SOURCE DATA:
....................
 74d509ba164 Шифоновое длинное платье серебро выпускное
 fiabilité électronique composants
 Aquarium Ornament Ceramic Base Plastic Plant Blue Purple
....................
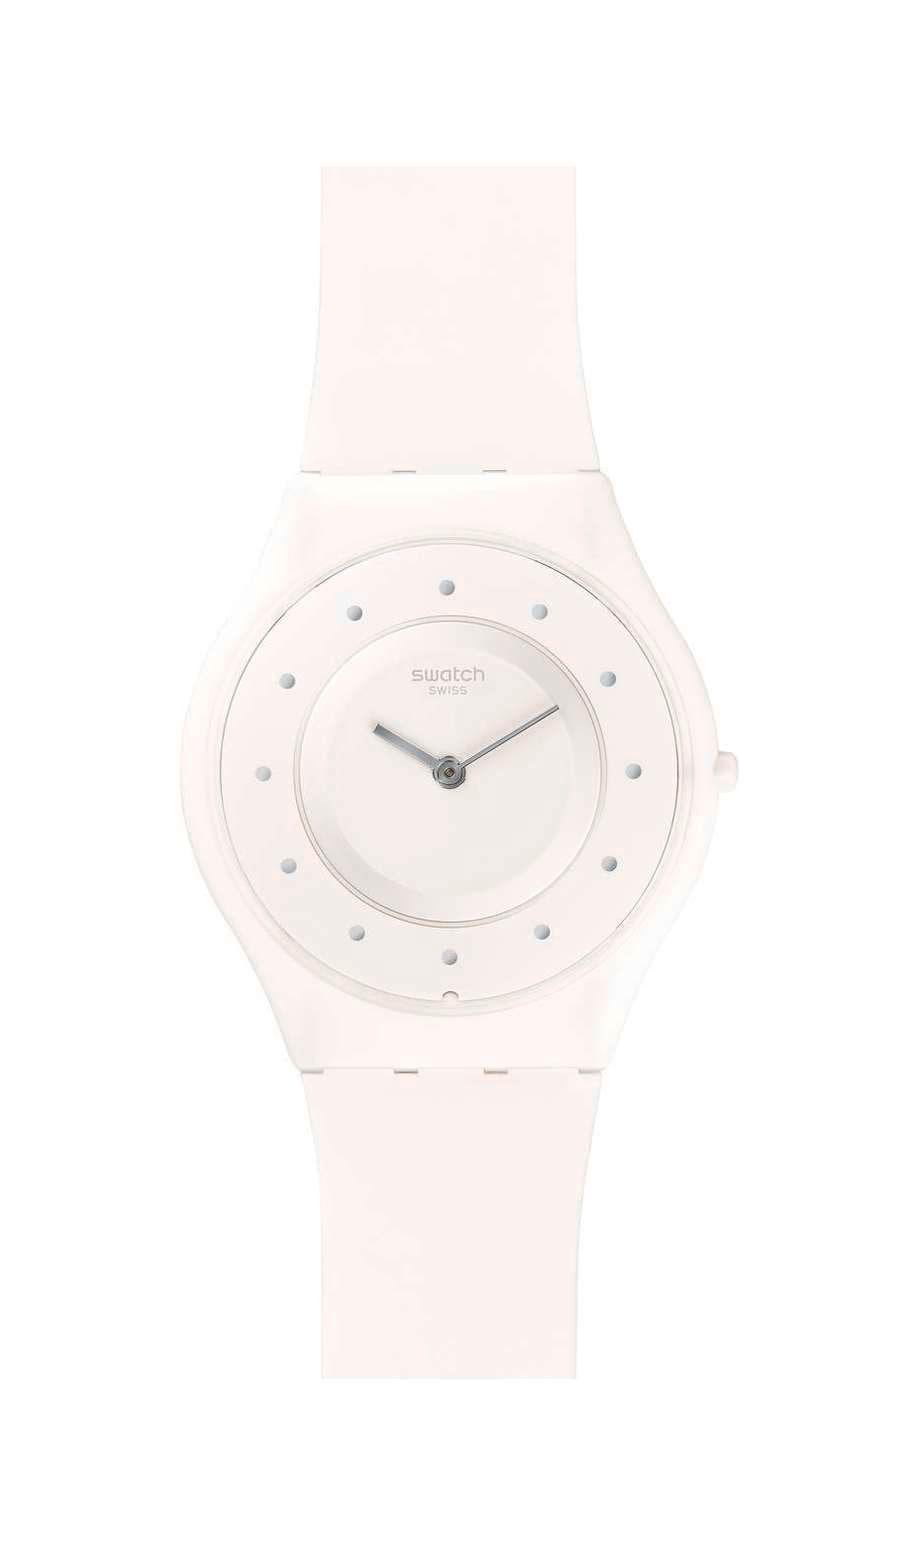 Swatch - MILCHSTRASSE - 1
....................
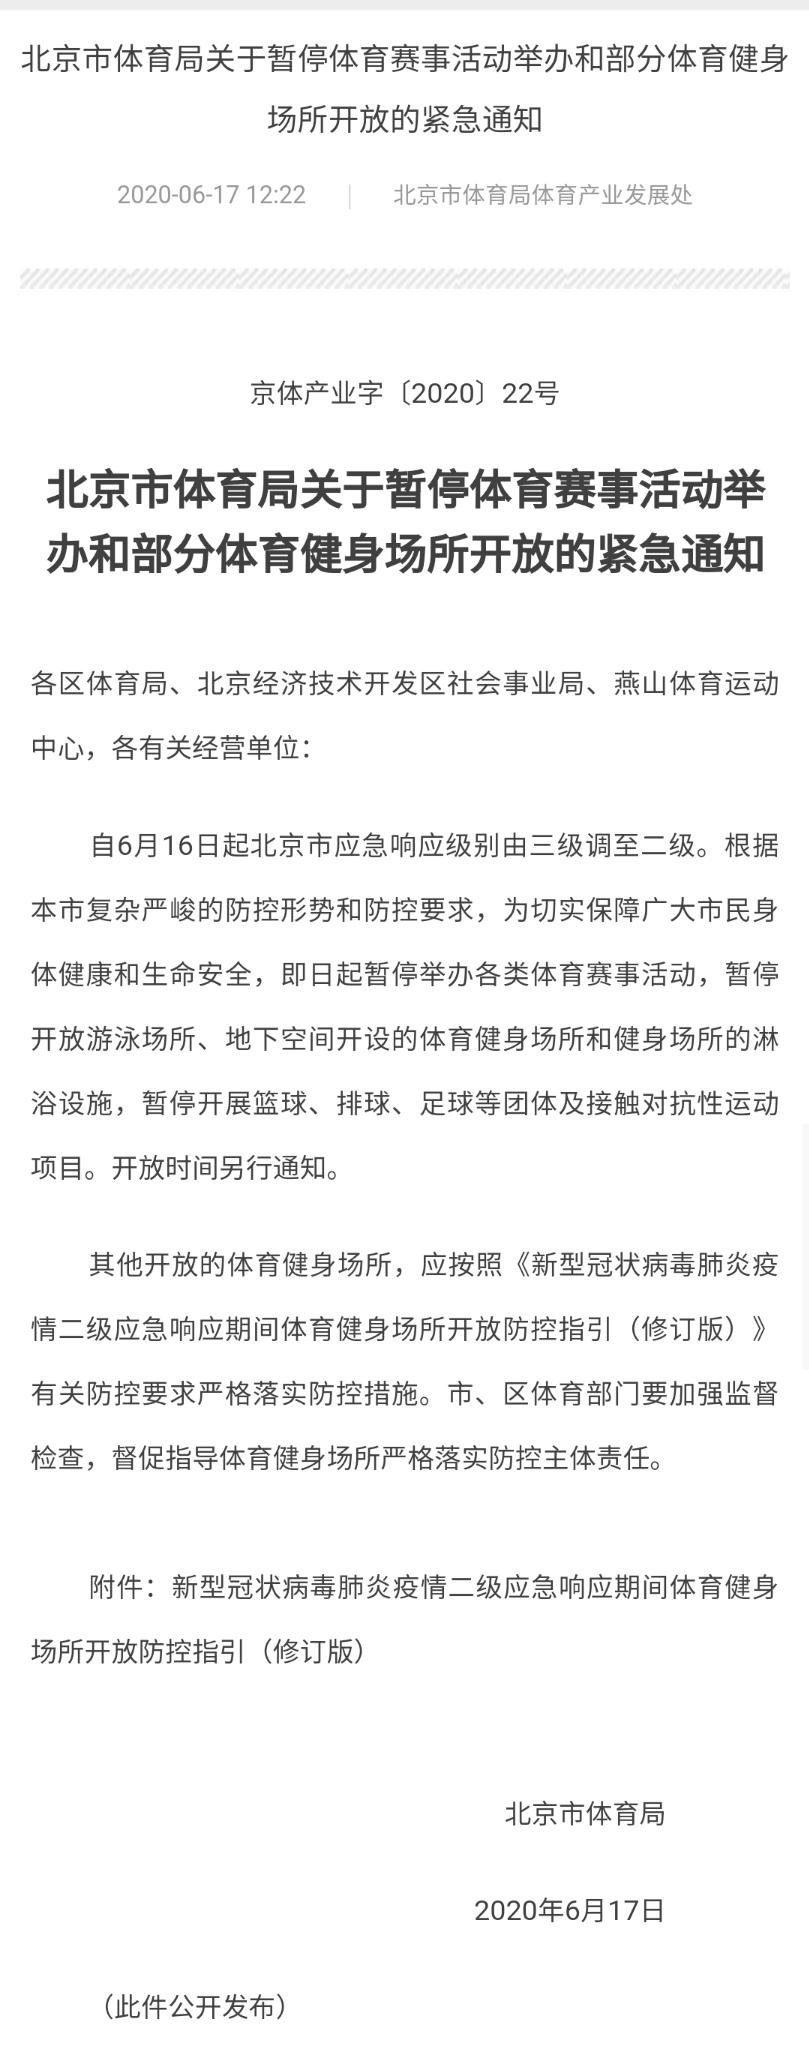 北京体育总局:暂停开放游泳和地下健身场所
....................
HOW TO COMPLETE THIS TASK:
Taking the entries above, restate exactly those lines that fall between the line with "74d509ba164 Шифоновое длинное" and the line with "Aquarium Ornament Ceramic", keeping both of those lines too.

REPLY TO THE EXERCISE:
 74d509ba164 Шифоновое длинное платье серебро выпускное
 fiabilité électronique composants
 Aquarium Ornament Ceramic Base Plastic Plant Blue Purple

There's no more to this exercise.